## How to complete this task
Restate word for word the lines below that run from the one holding "Journelles-Karl-Lagerfeld-Modemethode-Chanel-Ausstellung-2" through the one holding "WeeklyNew-1920x400px.jpg", inclusive. Pictures don't belong in the copy.

## Given data
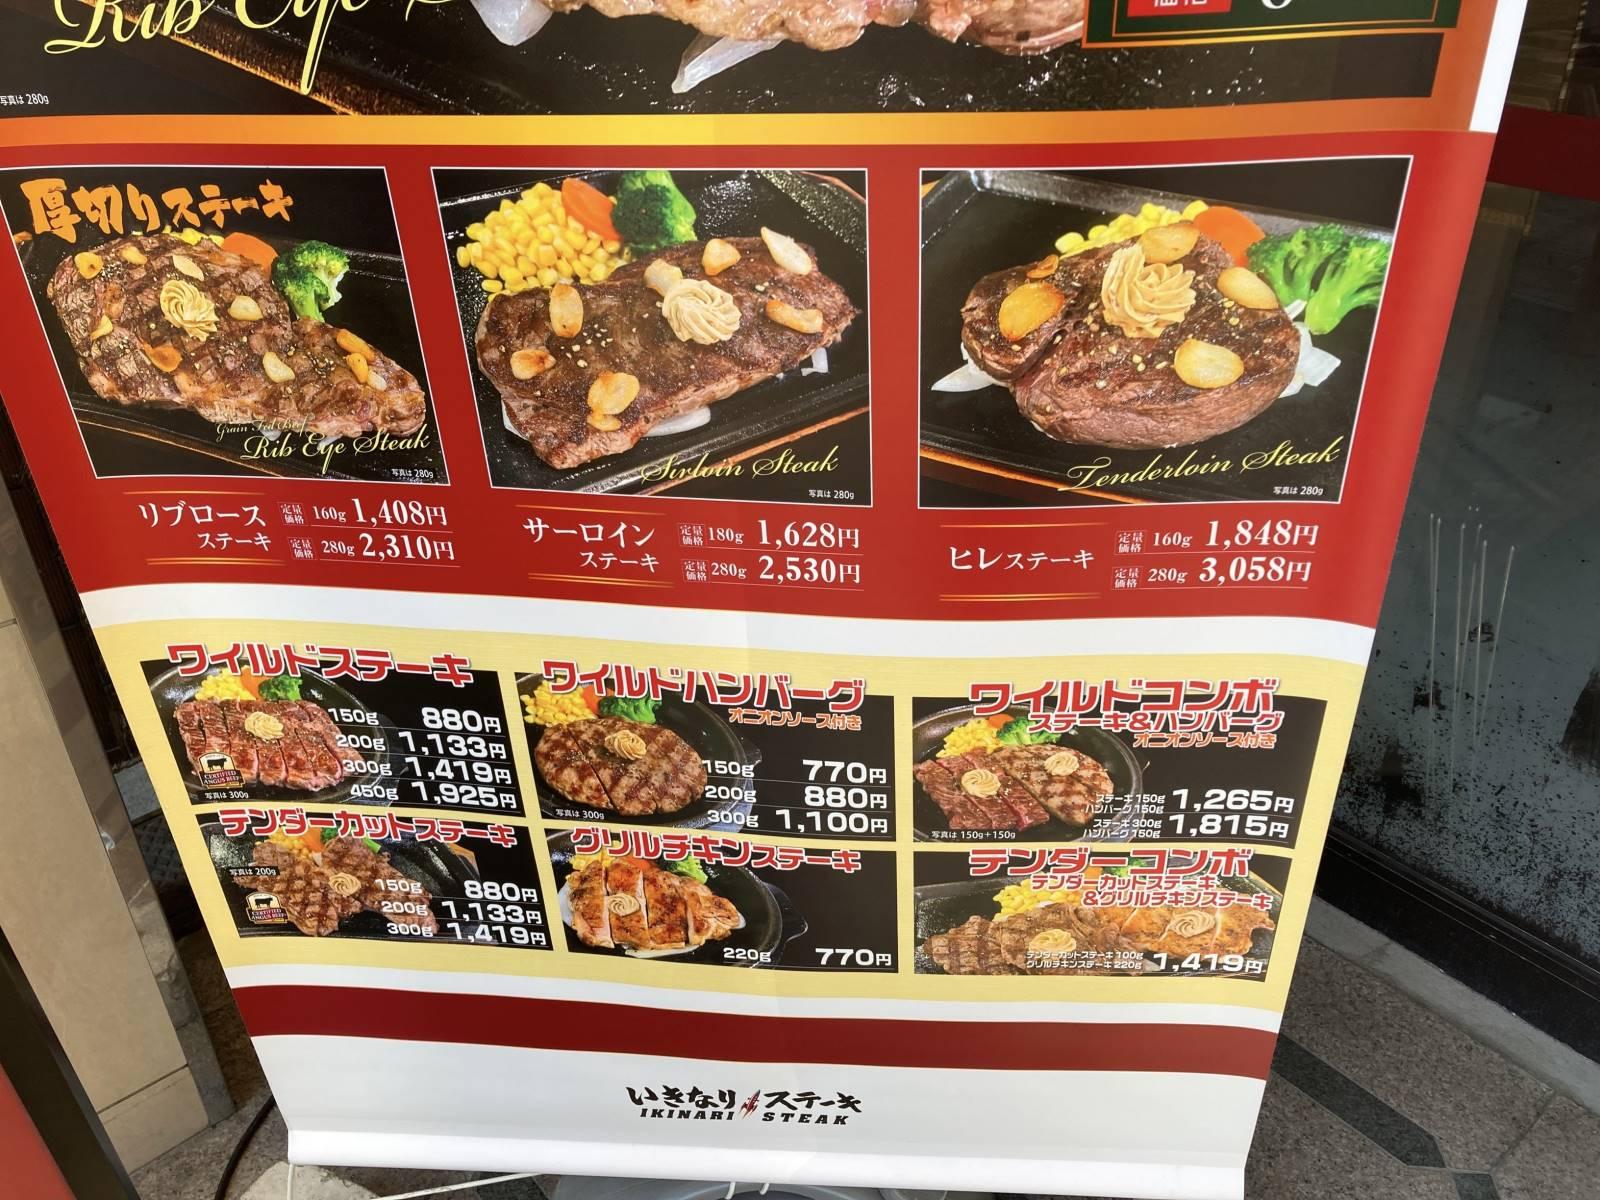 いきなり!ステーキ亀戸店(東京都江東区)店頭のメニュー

==

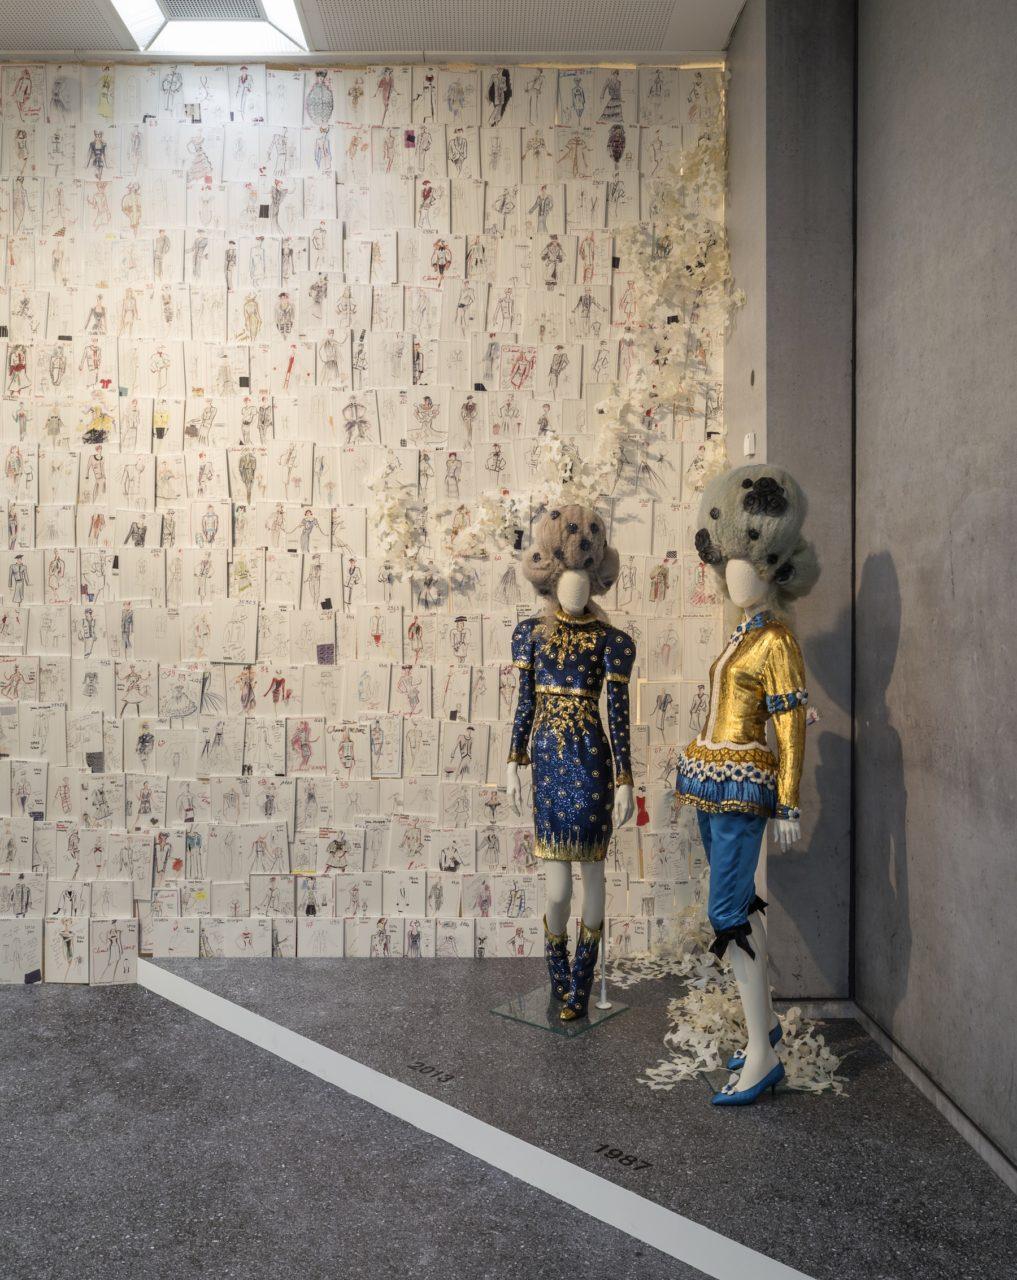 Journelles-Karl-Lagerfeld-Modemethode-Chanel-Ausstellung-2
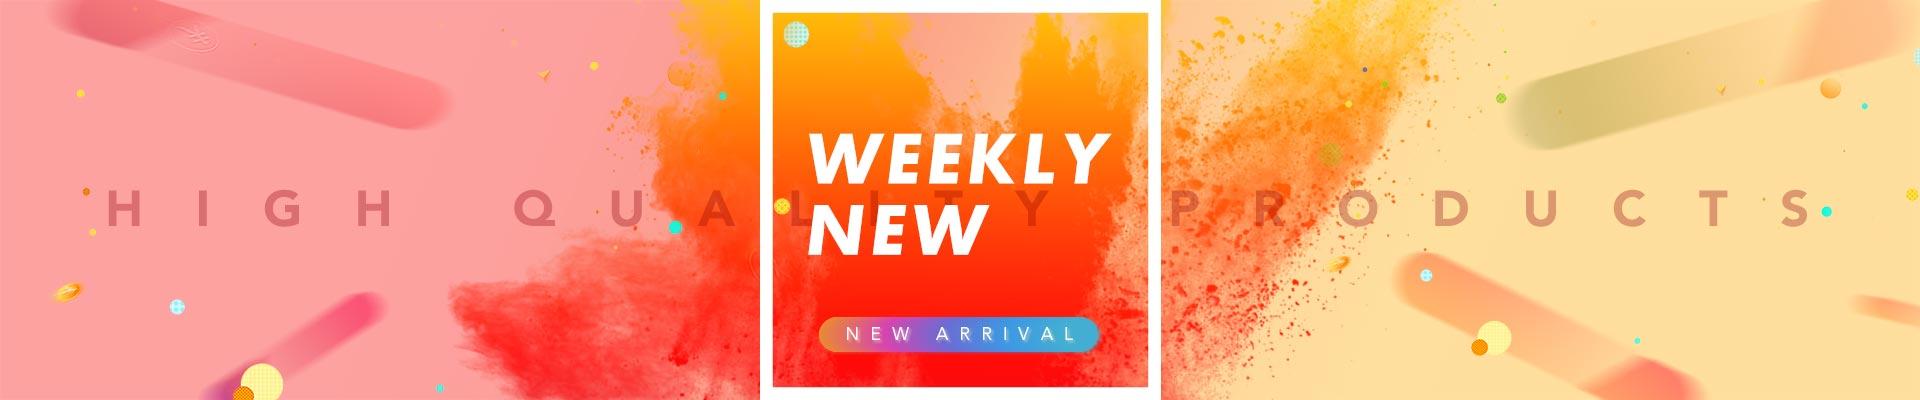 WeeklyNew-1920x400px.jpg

## Written response
 Journelles-Karl-Lagerfeld-Modemethode-Chanel-Ausstellung-2
 WeeklyNew-1920x400px.jpg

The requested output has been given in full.